If you’ve been around the internet long enough, you may have visited the anonymous message board 4chan at least once. From wacky business advice to strange travel plans and even bizarre anime, the messaging board has long served as the epicenter of popular internet culture and expression of unbridled thought.
But with great anonymity comes great responsibility; something 4chan remarkably fails at. The site is filled with racist and misogynistic posts. While there are a few rules that users are supposed to adhere by, they are rarely enforced.
However, Jerry Brito, the CEO of Washington DC-based crypto advocacy group Coin Center, unveiled his own anonymous forum Club.P yesterday, which he described as “an anonymous and ephemeral discussion board like 4chan, but membership-based.” The idea being that it could provide internet fanatics, who want to stay private, with a safe online sandbox.
2/ Social media like Twitter is increasingly speech-policed, status-game-focused, and less creative. Anonymous discussion boards are rollicking and generative, but have obvious downsides. My experiment: Register members and charge modest $2/mo to keep out trolls, help moderation
— jerrybrito (@jerrybrito) August 3, 2020
The platform seeks a move away from online-policing, conformity, and political correctness on the internet.
Brito said his effort is a response to the ads, the tracking, the trolling, the hype, and other predatory behavior on popular media, adding that Club.P is a “dark forest” that users can retreat to and get away from the mainstream world.
How will Club.P work?
Unlike completely anonymous forums like 4chan, users will be assigned a unique alphanumeric ID (like how Bitcoin addresses look) and their posts are associated with that ID. This will help to ban users for any untoward reason, all without knowing their name, email, number, or other personal info.
Meanwhile, Club.P is not meant as a 4chan competitor, at least not yet. Brito noted the site remains a “fun hobby project” for now, and that he reserves the right to change any of the features mentioned above or even shut it down. It was also inspired by other social media platforms.
The grand Twitter VIP club
Twitter is one of the key tools for anyone keeping up with the fast pace of the crypto world. But Brito argued it has several key problems.
“Social media like Twitter is increasingly speech-policed, status-game-focused, and less creative. Anonymous discussion boards are rollicking and generative but have obvious downsides.

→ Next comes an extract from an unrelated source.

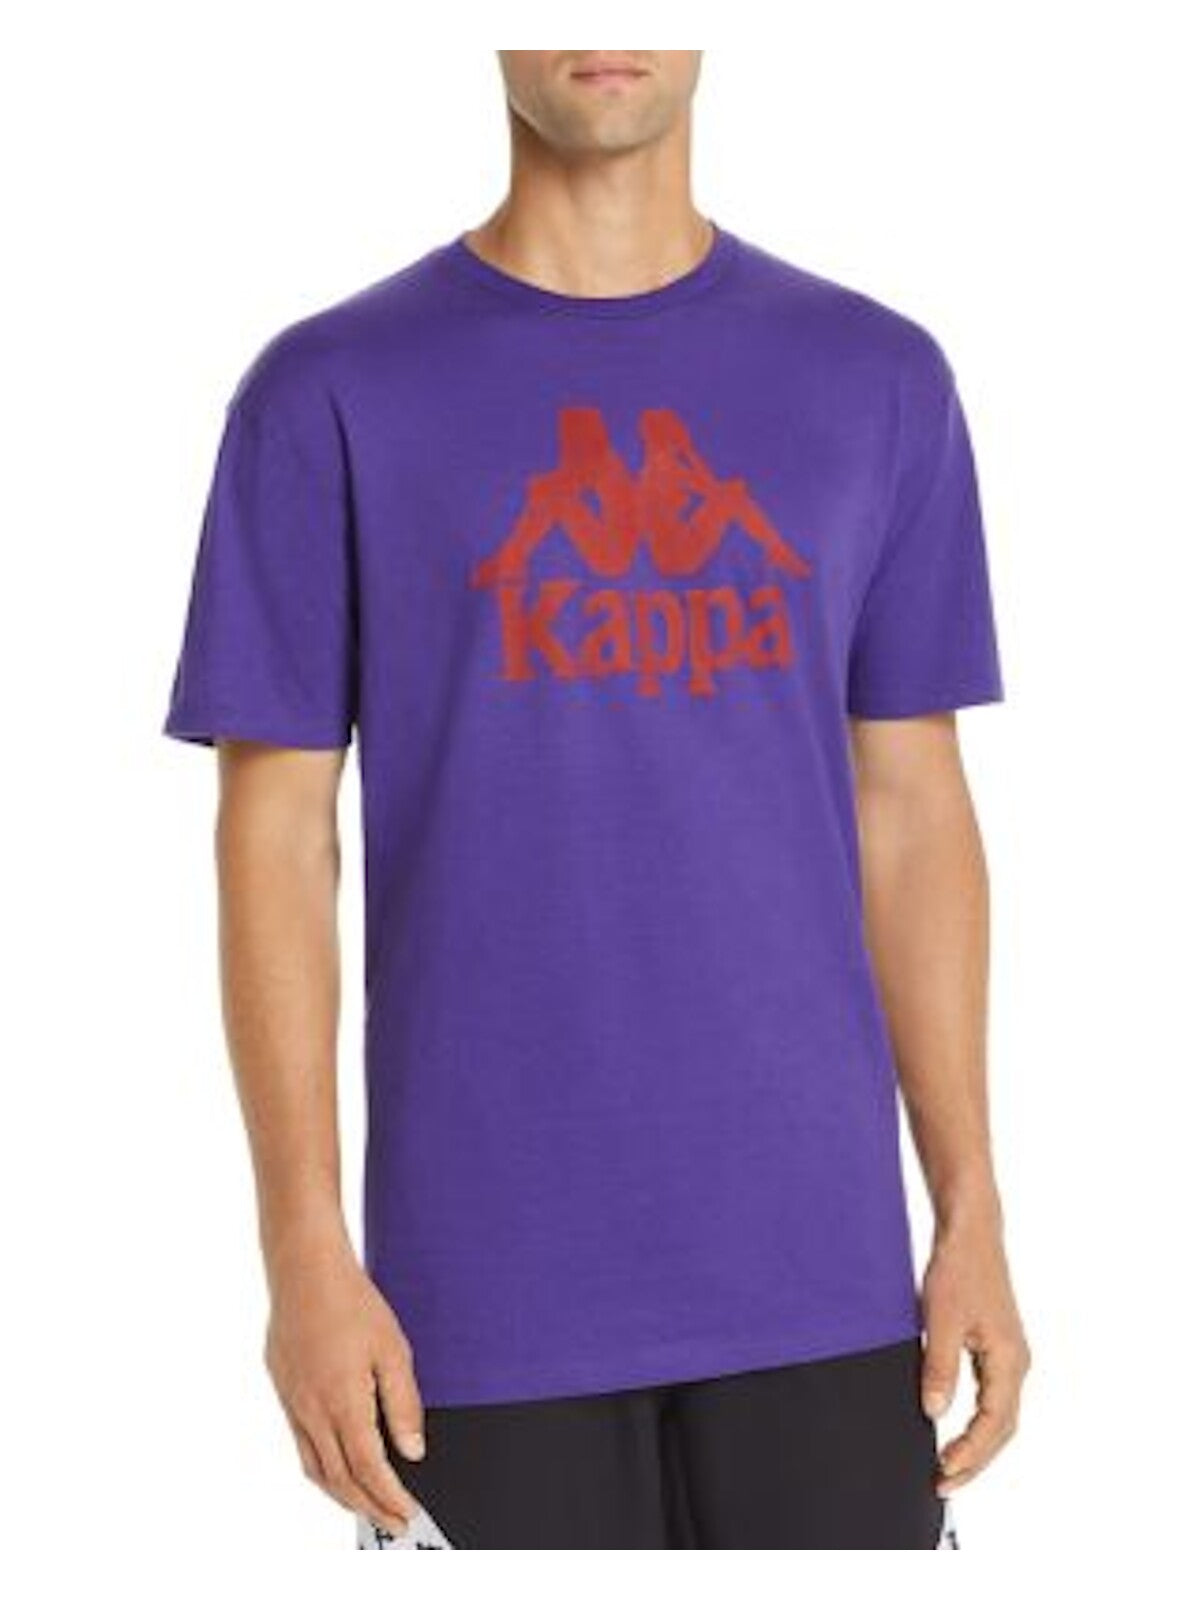 KARA Mens Purple Logo Graphic Classic Fit T-Shirt S

My experiment: Register members and charge modest $2/mo to keep out trolls, help moderation,” explained Brito.
He pointed out how power users lead the popularity charts based on likes, retweets, and follower counts. These metrics, somehow, bring forth a sense of genuineness to mere opinion—one changes their views based on how their followers perceive things around them.
“Your view on the world is limited by the set of people you have chosen to follow, as well as how a platform’s algorithm has chosen to present their messages. The result is a conversation that is often performative and susceptible to groupthink and tribalism,” Brito said.
But sites like 4chan, he stated, change these interactions. Their anonymous nature fosters discussion independent of follower counts, likes or retweets, while the site’s algorithm does not push certain expressions or narratives for individual users. One sees what everyone else does.
So far, the idea has found strong support across the privacy-centric crypto community.
For years now we’ve been stuck in the part of the cycle where people think that the current dominating organizations and social patterns are permanent. Glad to see a crop of little experiments like this one sprouting up. On to the next phase of the cycle! https://t.co/CiIRVMSOfi
— zooko (@zooko) August 3, 2020
“For years now we’ve been stuck in the part of the cycle where people think that the current dominating organizations and social patterns are permanent. Glad to see a crop of little experiments like this one sprouting up,” tweeted Zooko Wilcox, CEO of the Electric Coin Company, which builds privacy coin Zcash.
Balaji Srinivasan, who retweeted the announcement of Club.P, last year set up his own platform designed to encourage discussion across the crypto sector. But it was marred by controversy, largely over its combination of Bitcoin-focused branding and advocacy of the wider cryptocurrency industry. Since then, the project has gone quiet. Can Club.P find the right formula for success?
The blockchain and smart contracts you interact with may be decentralized, but the cloud services often used to access them aren’t. Dfinity’s Internet Computer is stepping up to set that straight.
Proponents of blockchain technology herald decentralization as a key facet of its revolutionary nature.
But the majority of users are still accessing decentralized exchanges, or DEXs, decentralized finance, or DeFi, and decentralized applications, or DApps, through web browsers served by centralized cloud services.
Cointelegraph spoke to Dfinity founder and Chief Scientist, Dominic Williams, about its Internet Computer platform, which allows direct interaction with code held on the blockchain, and completely eliminates third party intermediaries from the equation.
One (decentralized, autonomous) computer to rule them all
Williams got involved in blockchain full-time in 2013. He hooked into the buzz around Ethereum and interacted with its early developers.
“I saw the potential for an Internet Computer which could eventually host everything, from search engines to email and everything in between.”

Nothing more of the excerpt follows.